Когда они оказались в маленькой квартирке, она сразу сообщила о своём решении. Она рассказала о том, как потерялся их Джеми, и о своей надежде. Сомнений она не скрывала, но решила взять его к себе и обеспечить ему безбедную жизнь. Затем, утомлённым тоном, она перешла к частностям.
В ногах кровати стояла миссис Мерфи и тихонько плакала. Напротив стоял Джерри, глаза его радостно сверкали, и он тихо воскликнул:
— Вот это здорово! А, сэр Джеймс?
Что же касается Джеми, который лежал на кровати, то ему казалось, что для него открылась дверь в рай. Но по мере того как миссис Кэрью говорила, в его глазах появилось что-то новое, печальное. Медленно, очень медленно он закрыл их и отвернулся к стене.
Когда миссис Кэрью замолчала, долго стояла тишина, потом он повернул голову и заговорил, лицо его было бледным, глаза полны слёз.
— Спасибо, миссис Кэрью, но я не пойду, — просто ответил он.
— Что? — воскликнула миссис Кэрью, как будто сомневалась в том, что слышит правильно. — Не пойдёшь?
— Джеми! — прошептала Поллианна.
— Ну, сэр! Какая тебя муха укусила? — нахмурился Джерри. — Это же просто здорово!
— Да, но я не пойду, — повторил больной мальчик.
— Джеми, Джеми, ты только подумай, представь, что это значит! — дрожащим голосом произнесла миссис Мерфи.
— Я д-думаю, — сдавленным голосом выговорил Джеми. — Неужели, по-вашему, я не знаю, что делаю? — и, повернув к миссис Кэрью мокрые глаза, он повторил: — Не пойду, — голос его прервался. — Я не позволю вам всё это делать. Если бы вы меня любили, было бы иначе… но вы… вы меня совсем не любите… Я вам не нужен, то есть вам нужен не я. Вам нужен тот Джеми, а я… я чужой… вы не думаете, что я ваш. Я это вижу.
— Но… но… — беспомощно начала миссис Кэрью.

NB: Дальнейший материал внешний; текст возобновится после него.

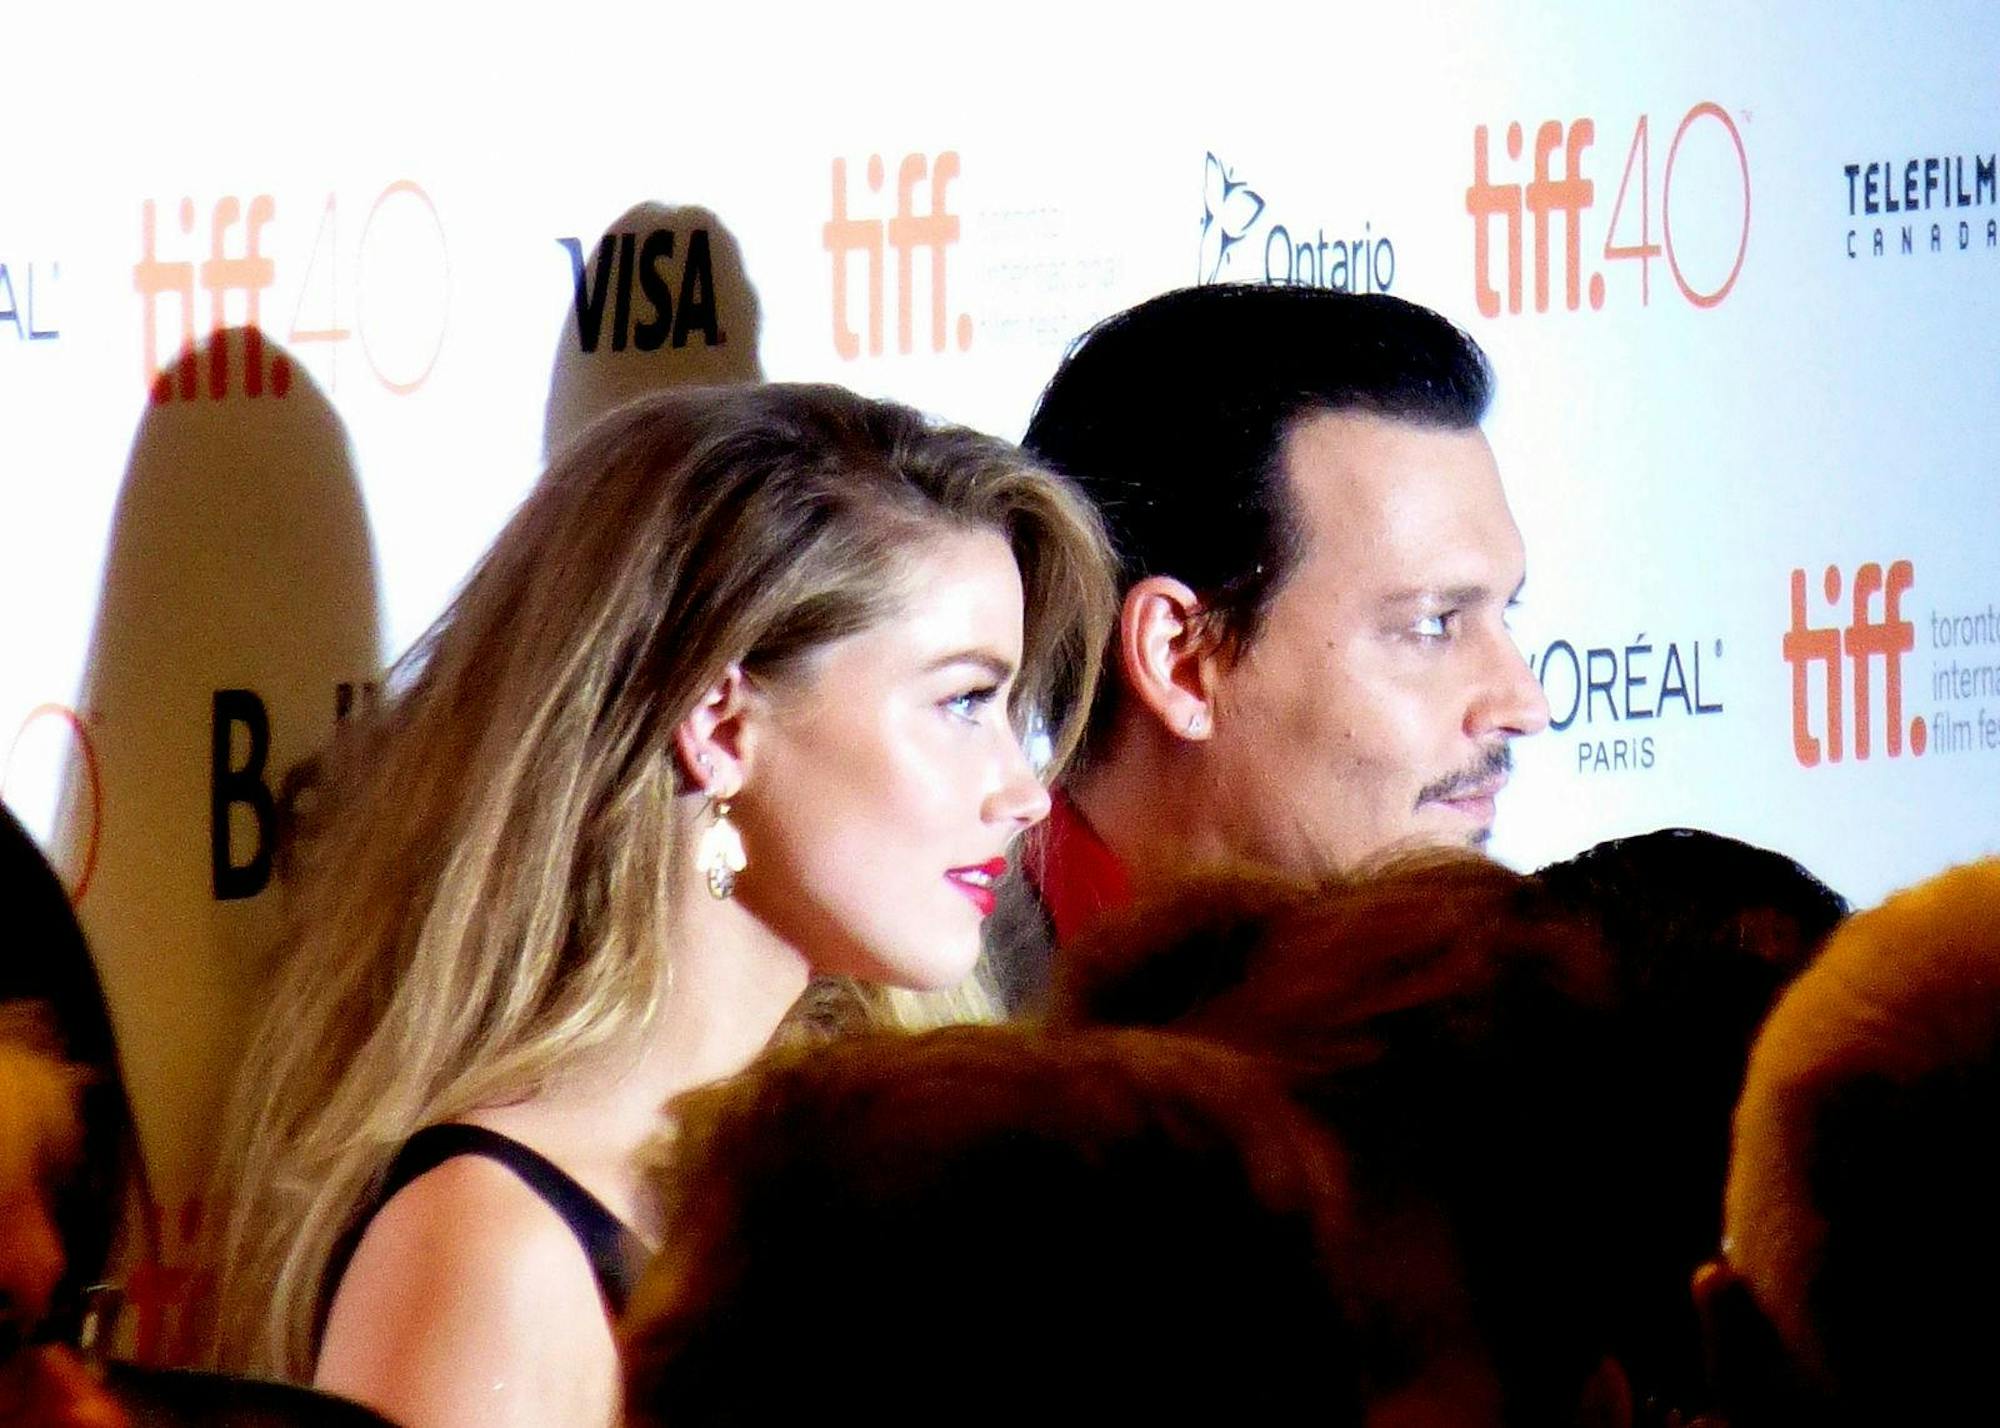 Amber Heard and Johnny Depp are pictured.

— Вообще, я не такой, как другие мальчики, я не могу ходить, — перебил её несчастный мальчик. — Вы сразу устанете от меня, я вижу. Я не могу быть для вас обузой. Если бы вы меня хоть жалели, как маменька… — он закрылся рукой и подавил всхлипывания, потом опять отвернулся. — Я не тот Джеми, — закончил он. Его худые мальчишеские руки сжались так, что все косточки выделялись на старой порванной шали, покрывающей постель.

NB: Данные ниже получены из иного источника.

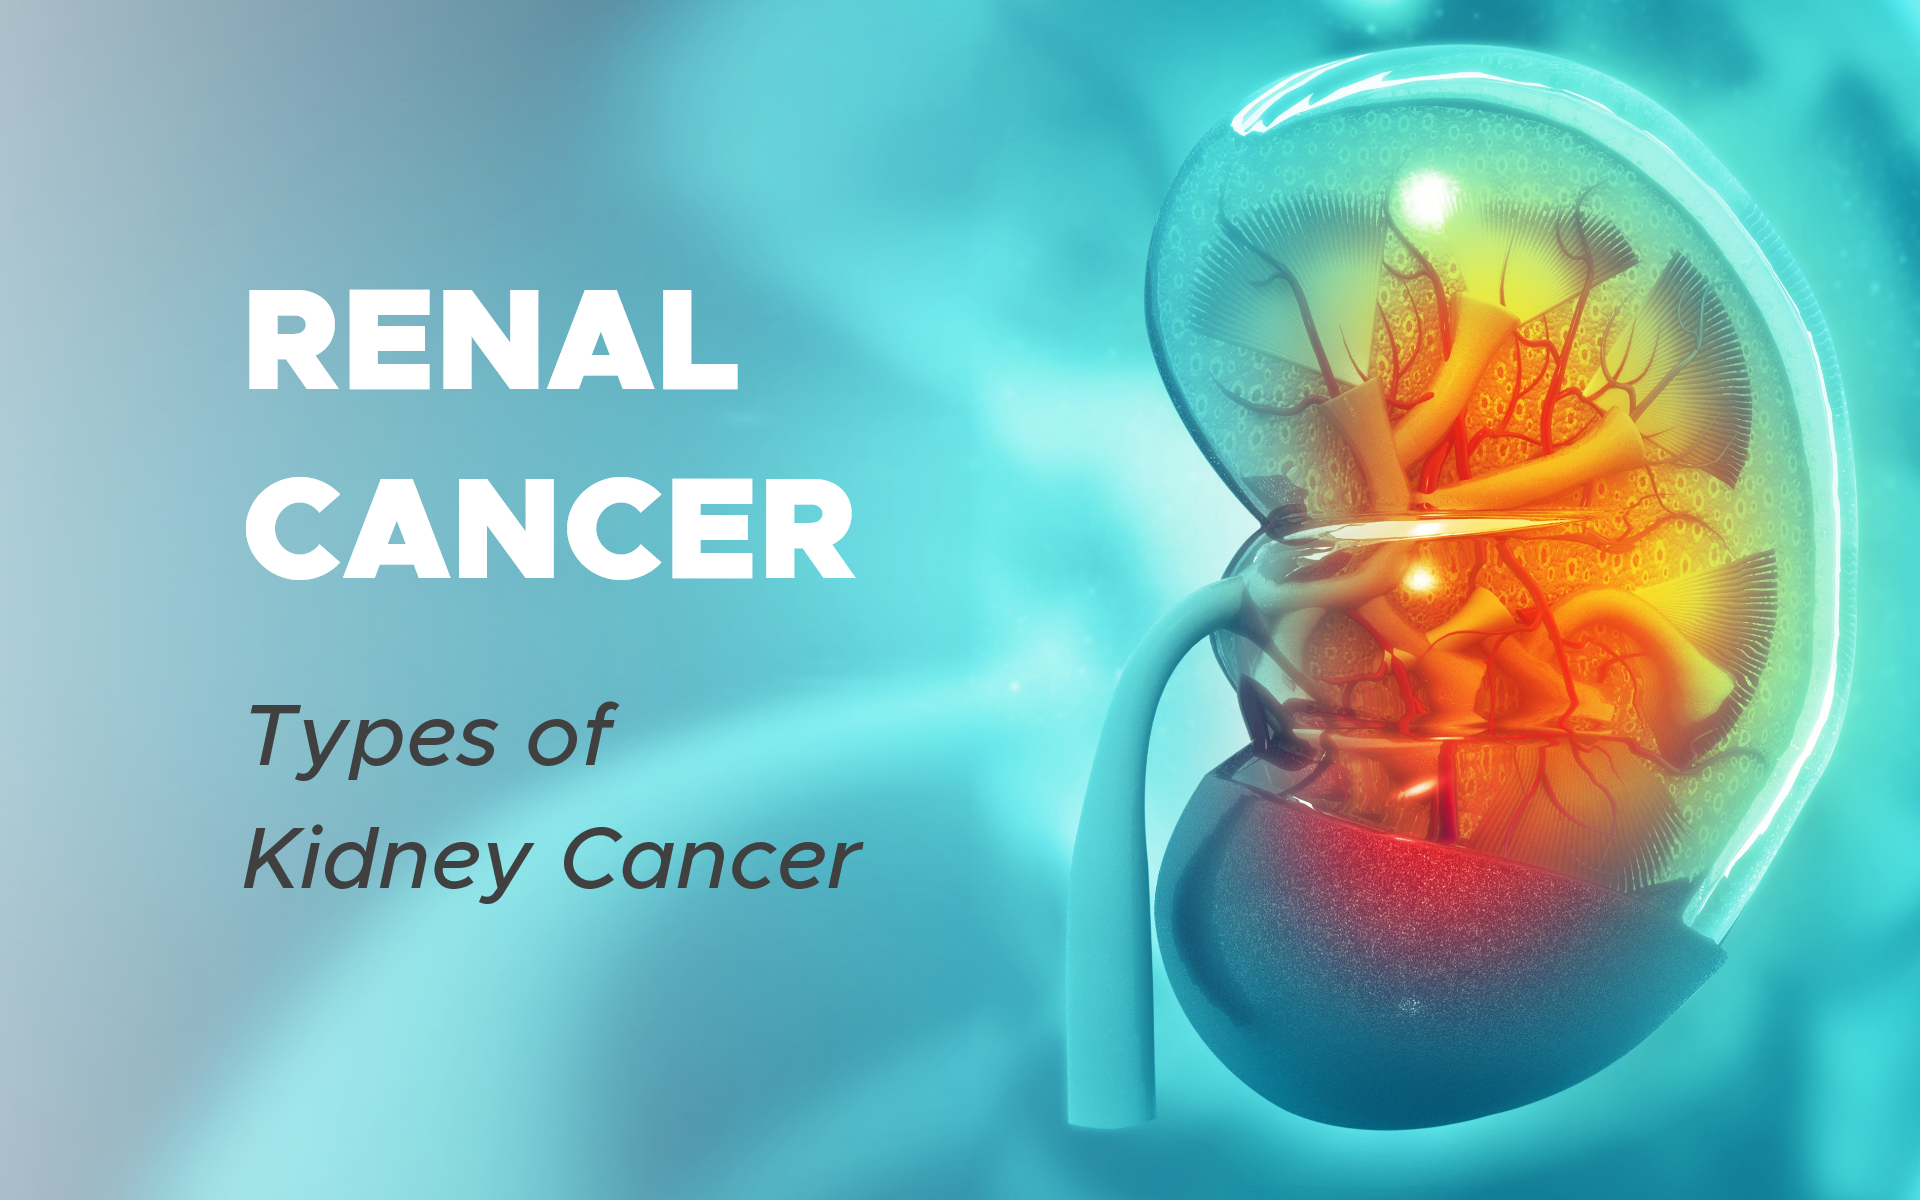 Renal Cancer: Types of Kidney Cancer

Некоторое время царила полная тишина. Потом, очень тихо, миссис Кэрью поднялась со своего места. Лицо её страшно побледнело, но в нём что-то было ещё, и Поллианна затаила дыхание, но услышала только:
— Пойдём.
— М-да, ты просто дурак, — пробурчал Джерри, после того как закрылась дверь.

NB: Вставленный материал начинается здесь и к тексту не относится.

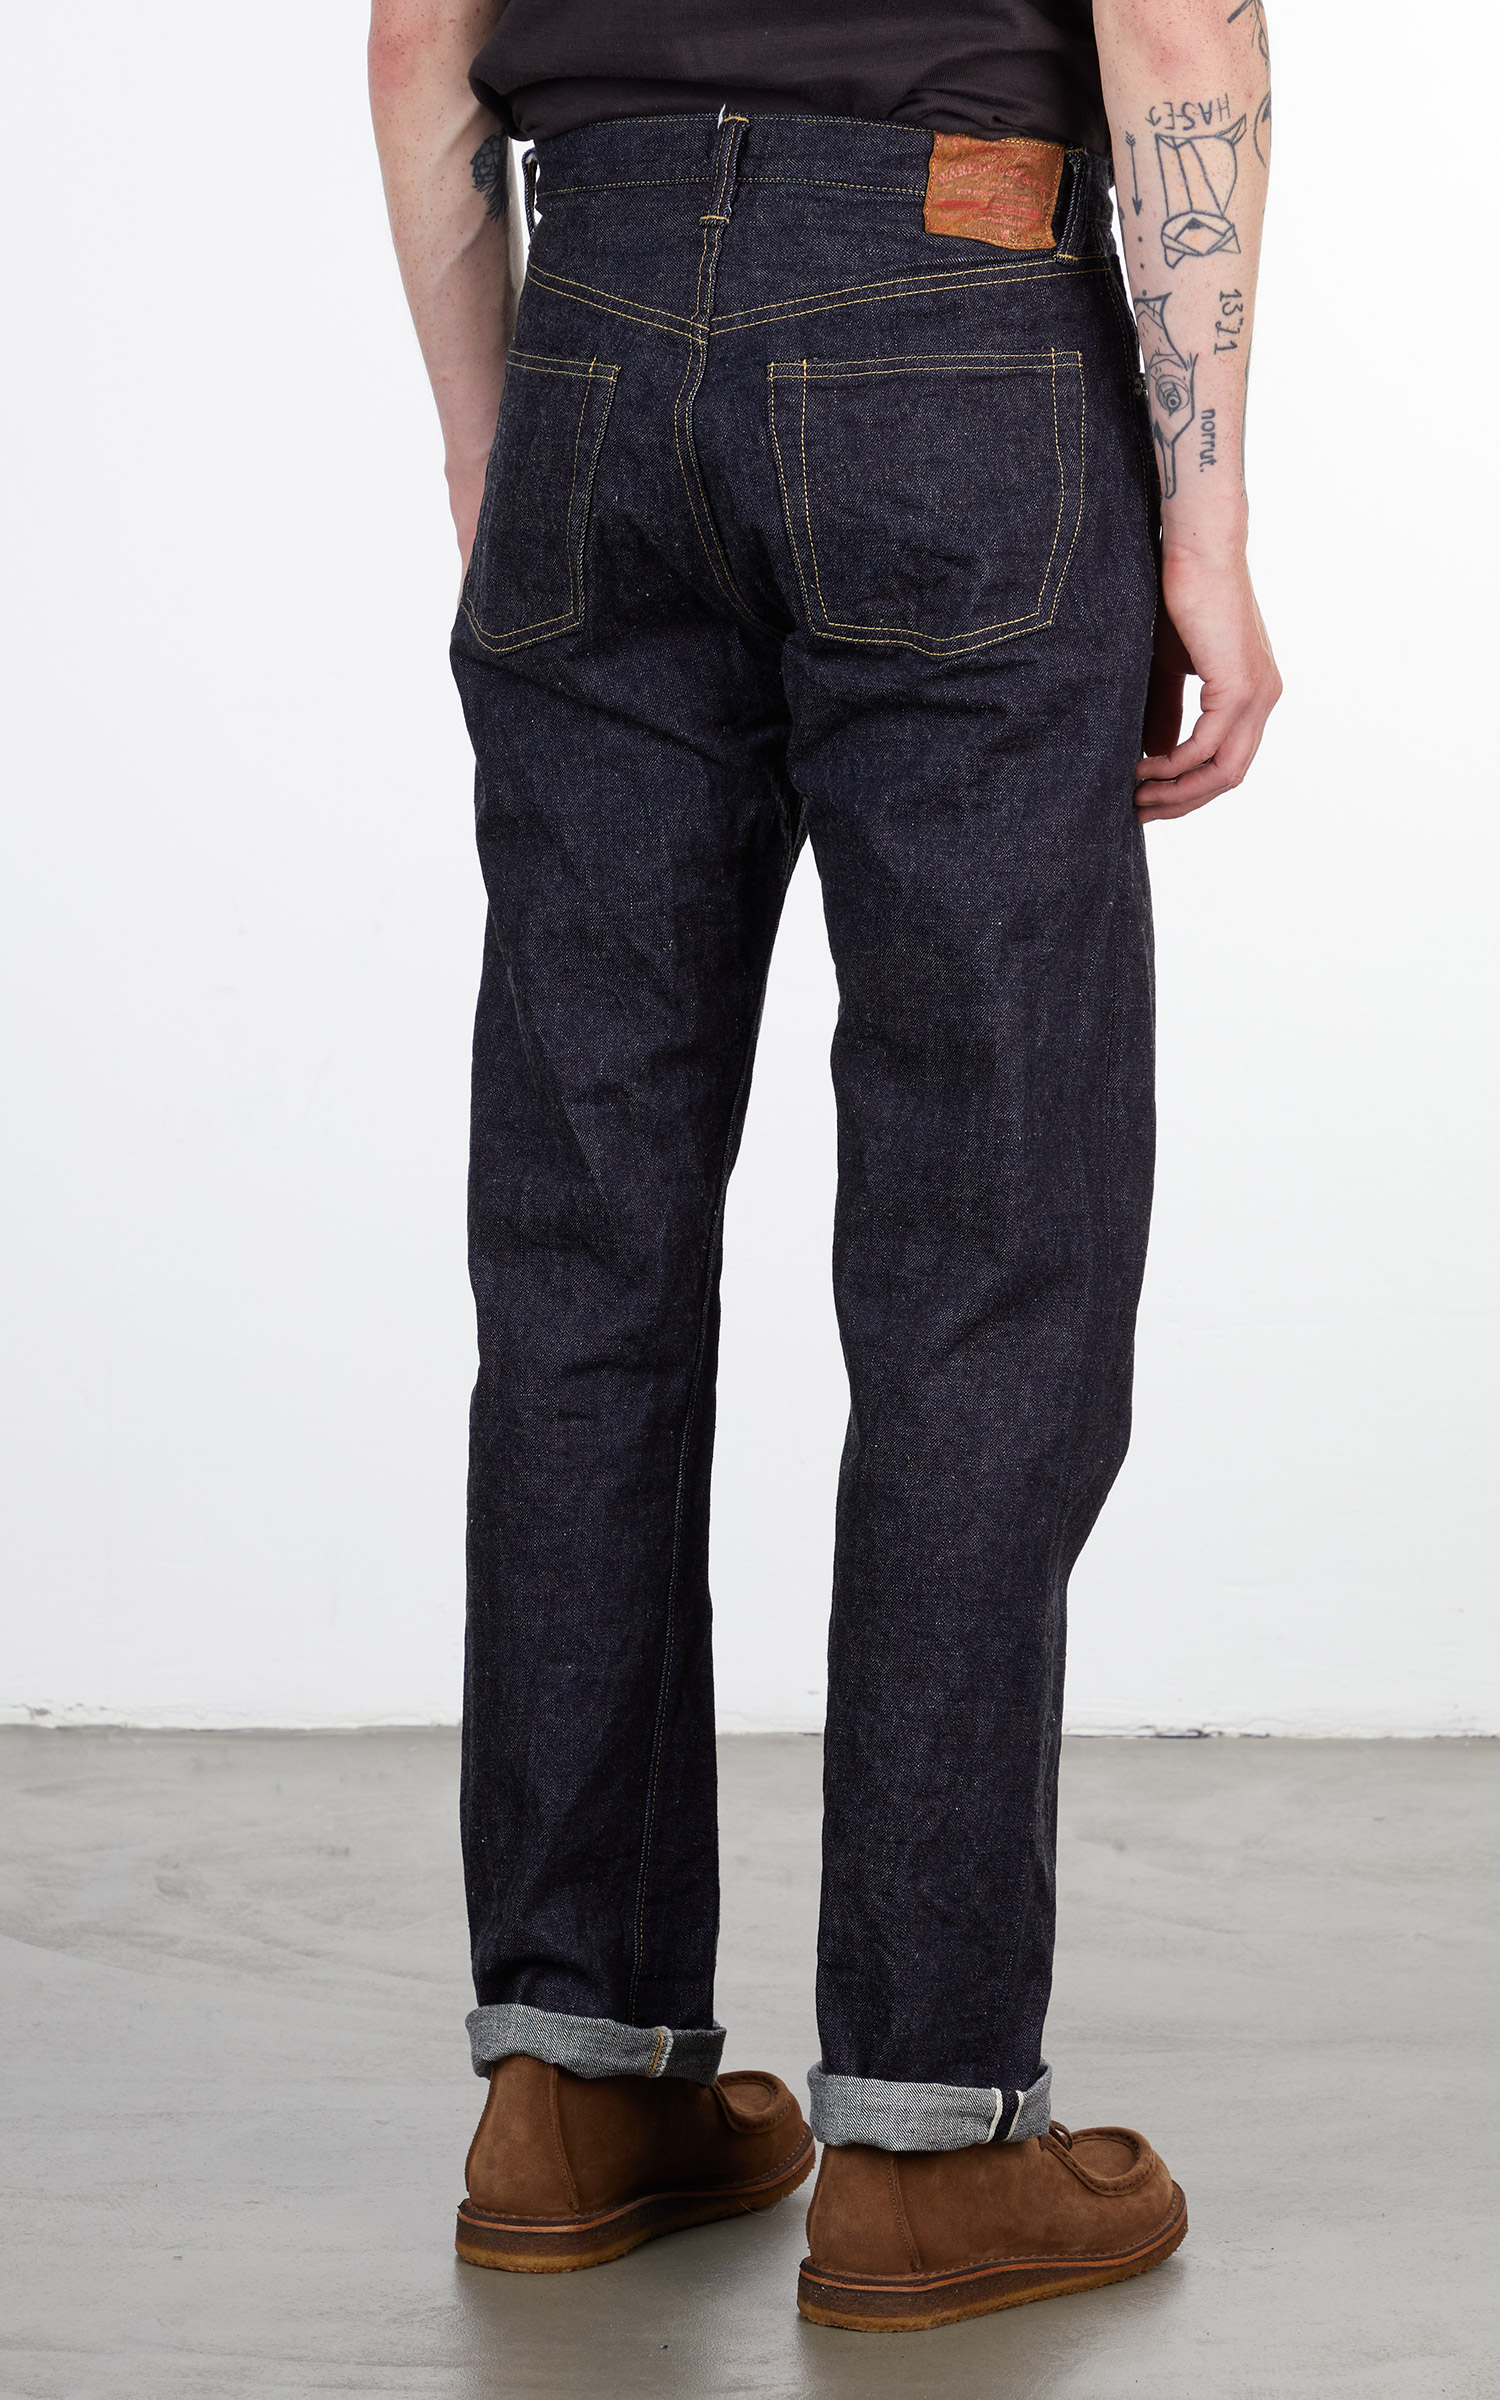 Warehouse & Co. S1003XX 1944 Model Jeans Duck Digger Indigo One Wash ...

А Джеми плакал так, словно та дверь действительно вела его в рай, а теперь навеки закрылась.
ИЗ-ЗА КАССЫ
Миссис Кэрью очень рассердилась. Довести себя до того, чтобы взять к себе этого калеку, а потом услышать, как он холодно отказывается! Это просто невыносимо! Она не привыкла к тому, чтобы пренебрегали её желаниями. Мало того, и теперь, когда она не могла взять этого мальчика, её охватил неимоверный ужас, что он — её Джеми. Знала она и ещё одно: она решила взять его не потому, что полюбила, даже не потому, что пожалела — нет, она надеялась помочь себе, заглушить бесконечно звучащий вопрос: «А что, если это Джеми?».
Мальчик помог ей увидеть себя, но это её не утешило. Ожесточившись, она гордо признала, что и на самом деле его не любит, потому что он не сын её сестры. Надо забыть об этой истории.
Но забыть она не могла. Как бы решительно она ни направляла мысли к другим занятиям, перед ней всплывал образ несчастного мальчика, лежащего в убогой комнатке.
Кроме того, Поллианна совершенно не походила на себя. Она бродила как потерянная по всему дому.
— Нет, я не больна, — отвечала она, когда ей задавали вопросы.
— А в чём дело?
— Ни в чём. Просто… я думала про Джеми… почему у него нет всех этих красивых вещей? Ковров, картин, занавесок…
То же самое было и за столом. Поллианна потеряла аппетит, но говорила, что не болеет.
— Ох, нет, — вздыхала она печально. — Просто я не голодна. Как только я начинаю есть, я думаю про Джеми, ведь у него только чёрствые пончики и сухой хлеб. И тогда… я ничего не хочу…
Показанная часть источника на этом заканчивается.